To be clear about silence, I will say a bit about what it is not. We may at times be mute in resignation, acedia, or passivity, and we may also sometimes encounter interpersonal voids, empty spaces where no one is engaging in real dialog. But these non-being absences are not what is meant by this powerful given of silence. Most mothers I know do not permit their children to say “Shut up” to one another. This colloquial phrase that tells another to stop talking has a rough edge to it. To order someone to shut his mouth is indeed a form of violence, although such violence may at times be protective and just. Even when we discipline someone by urging him or her to hush, our aim is to keep the door open for constructive talking. Coming back to speaking is still the goal of such correction. As we’re considering here, silence is a beginning and a centering place for talking beasts. But talking is still our commission, and God gives silence as a gift to aid us in being awake, thoughtful, and loving when we do speak.

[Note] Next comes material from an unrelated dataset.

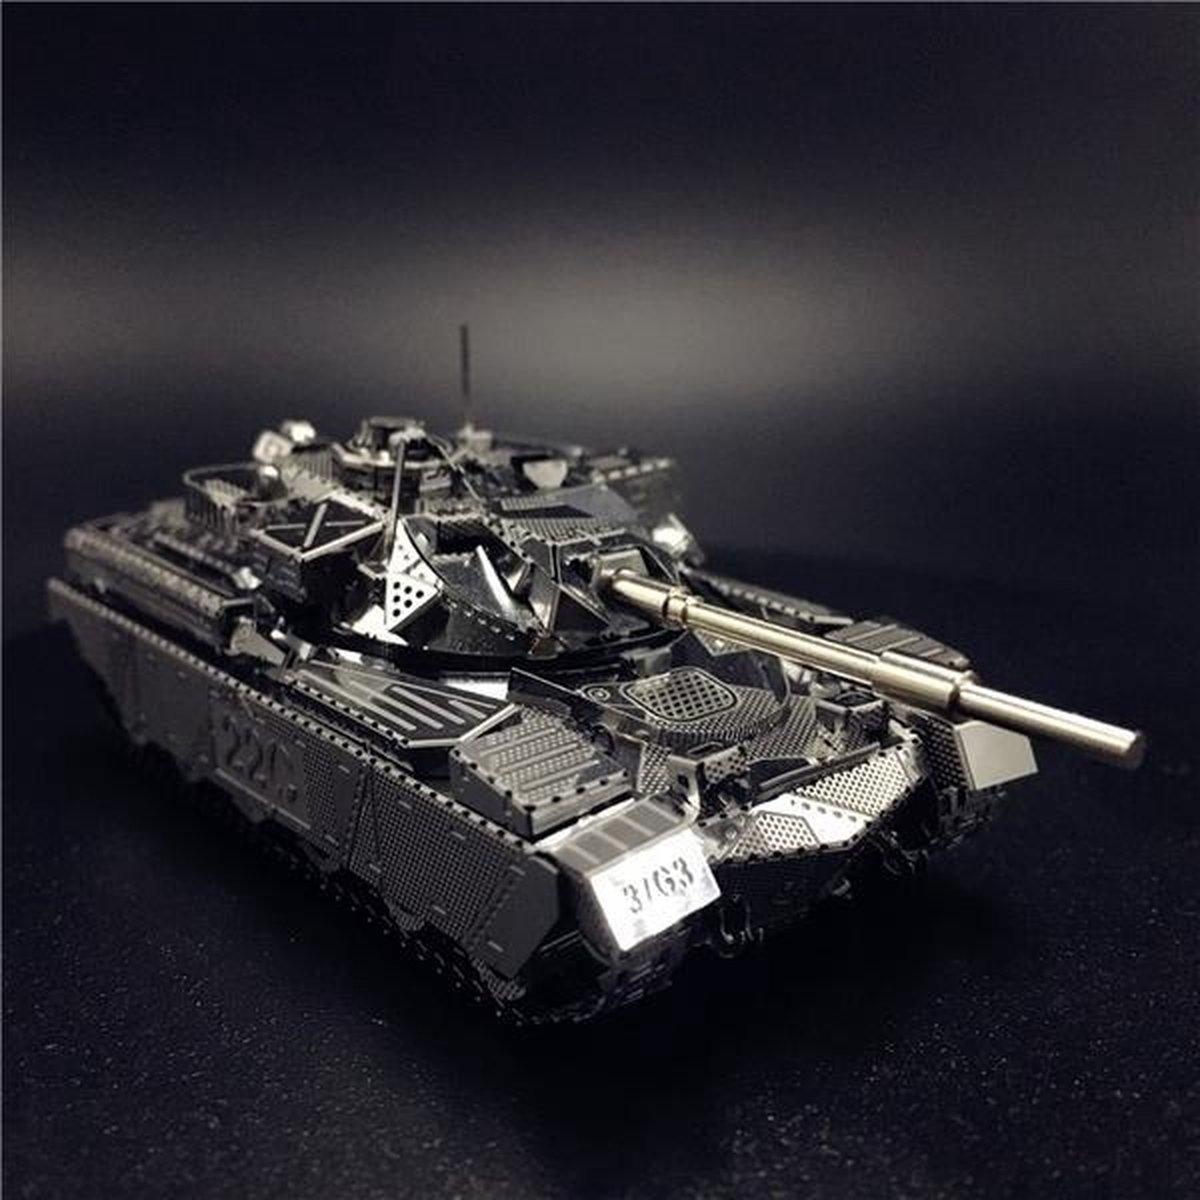 3d puzzel metaal tank Chieftain MK50, 3d puzzel Chiefain MK50, 3d puzzel MK50

To shut a person up is to cause her to stop talking, not as a call into silence, but as a damning up, a closing down, a pivot away from being and toward nothingness. In Life Together, Bonhoeffer says, “Silence does not mean dumbness, as speech does not mean chatter,” and goes on to quote Ernest Hello, “Dumbness is unholy, like a thing only maimed, not cleanly sacrificed” (p. 78). Dumbness is not silence as we’re considering it. We are looking for the silence that is a creative space, a hopeful space, and in this holy silence a person is not shut in, shut up, or shut down, but rather is ushered into the presence of God.

Silence then is a real thing, not merely an absence but an active and living entity. We experience silence as a contrast and complement to speech, as reception is to expression, inhale to exhale. Silence is a given in the rhythms of life as the writer of Ecclesiastes declares: there is “a time to keep silence, And a time to speak” (3:7 KJV). In Life Together Bonhoeffer writes, “Right speech comes out of silence, and right silence comes out of speech” (p. 79). Receptivity to the divine Word, to God Himself with us and within us, occurs in and through silence.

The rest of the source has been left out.